Оттенки | страница 31



Когда я сейчас думаю обо всем происшедшем, мне кажется, что если бы в тот критический момент навязчивое воспоминание не закрыло мне рот и я смог бы говорить, — не было бы, наверное, ни стрельбы, ни этого злополучного процесса, ни всего остального. В нужную минуту сказанное слово — вот что отнимает у человека возможность осуществить многие безумства: слово становится заменителем действия. Клянусь всеми святыми, мои отношения с госпожой и господином Мюнт были именно такие, а не такие, какие выяснились на суде, ибо все, что я там говорил или о чем позволял догадываться из моих показаний, не соответствует действительности. Но если кто-нибудь думает, что я исказил свои показания ради господина или госпожи Мюнт, то он ошибается: я сделал это исключительно ради себя самого.

Возможно, мои показания получились бы иными, не будь моя рана такой тяжелой; но, лежа в больнице, когда было так много спокойного, тихого времени для раздумий, я пришел к совсем иному пониманию всего хода событий. Я не пытаюсь доказать, что это понимание безусловно отвечало истине, но утверждаю одно: мне оно казалось в то время вполне обоснованным.

Прежде всего мне пришлось пересмотреть свой взгляд на мужчину и женщину. До сих пор я видел в женщине спутницу мужа, хозяйку, мать, у которой есть своя сфера работы и власти, свои интересы, свои общие и особые права. Эротика была для меня если и не второстепенным элементом или средством, то все же лишь одним из важных факторов, наряду с другими важными факторами в человеческой жизни. Так я считал, так я и жил. Сам я работал с утра до вечера, жена моя работала, ибо в труде я видел ценность, главное достоинство как мужчины, так и женщины.
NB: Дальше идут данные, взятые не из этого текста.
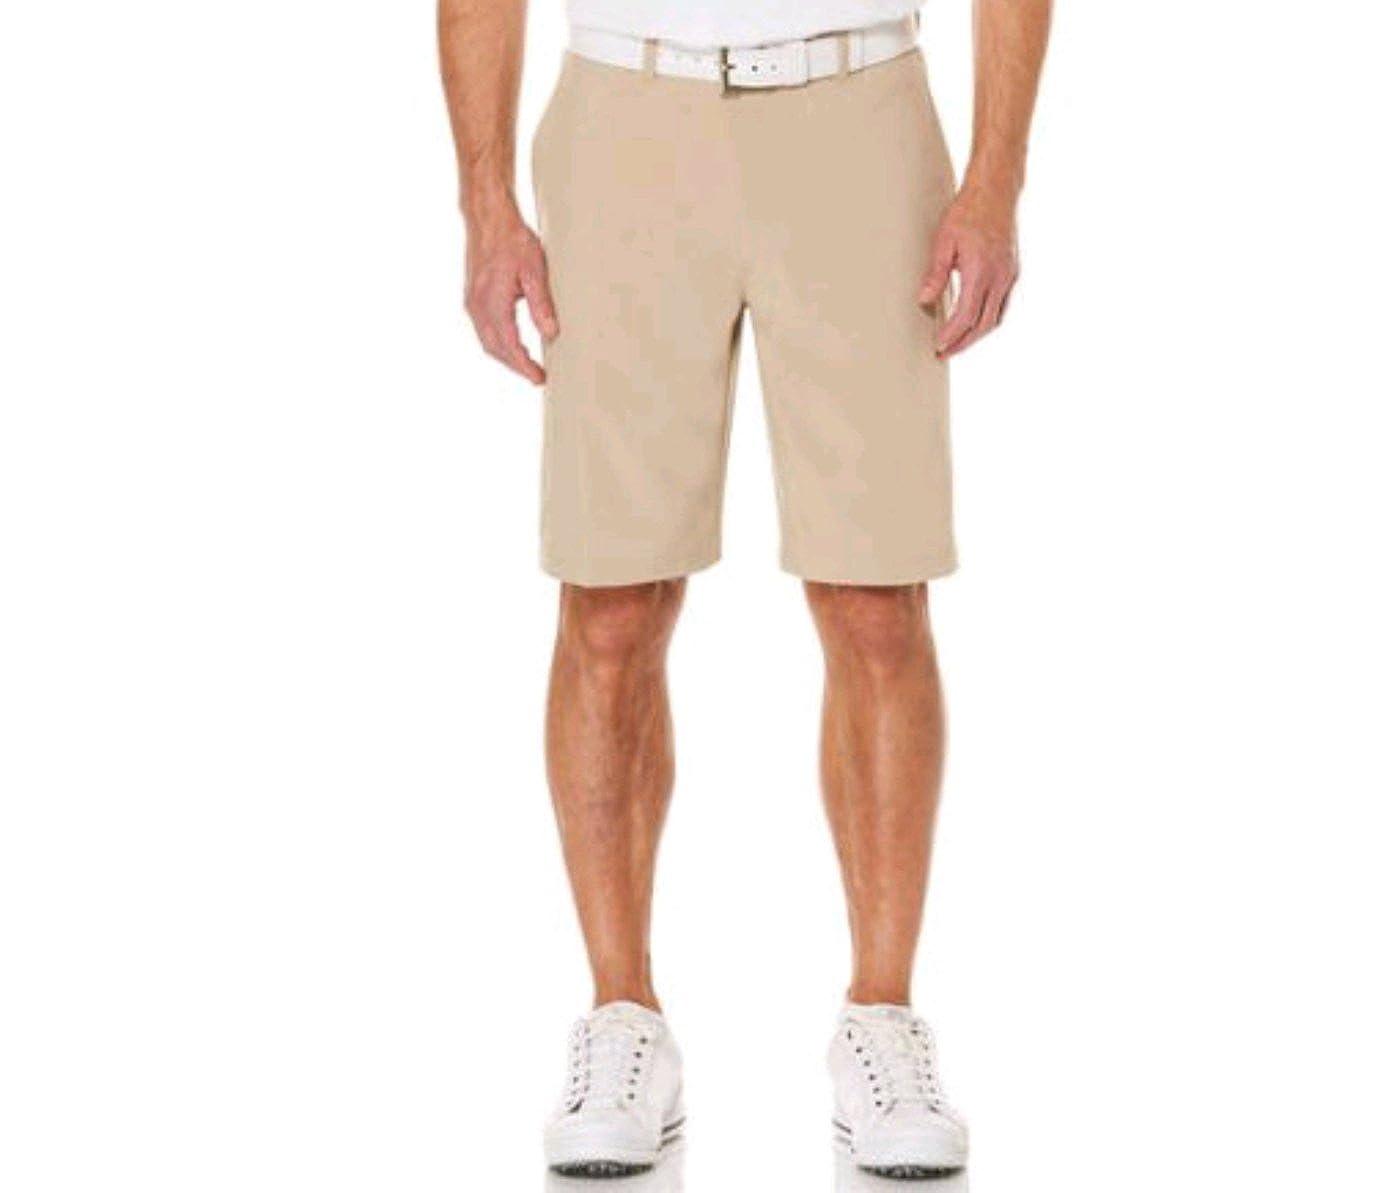 Ben Hogan Men's Performance Flat Front Active Flex Waistband Khaki Short

Когда я лежал в больнице, у меня появилась мысль — не устарели ли мои взгляды, не живу ли я как некий допотопный человек? Из-за этого и переживаемая мною катастрофа неизбежно должна была рано или поздно произойти. Я попал под колеса житейской телеги просто потому, что этой телеги не знал и не умел от нее уберечься. Другой на моем месте, возможно, поступил бы совсем иначе, и не надо было бы ему терять драгоценное время, лежа в постели, а если б он иногда это и делал, то с совсем другими целями, в совсем другой постели.

Я поставил себе главный вопрос: в происшедших событиях поступал ли я как мужчина правильно, так, как обязывает мой пол и мое положение? Или же сама жизнь и сталкивавшиеся со мной люди имели право и основание требовать от меня совсем другого образа действий? Чем больше я ломал себе голову над этим вопросом, тем больше делалось мне стыдно за самого себя. Я чувствовал, что поступал так, как когда-то, будучи первый год студентом.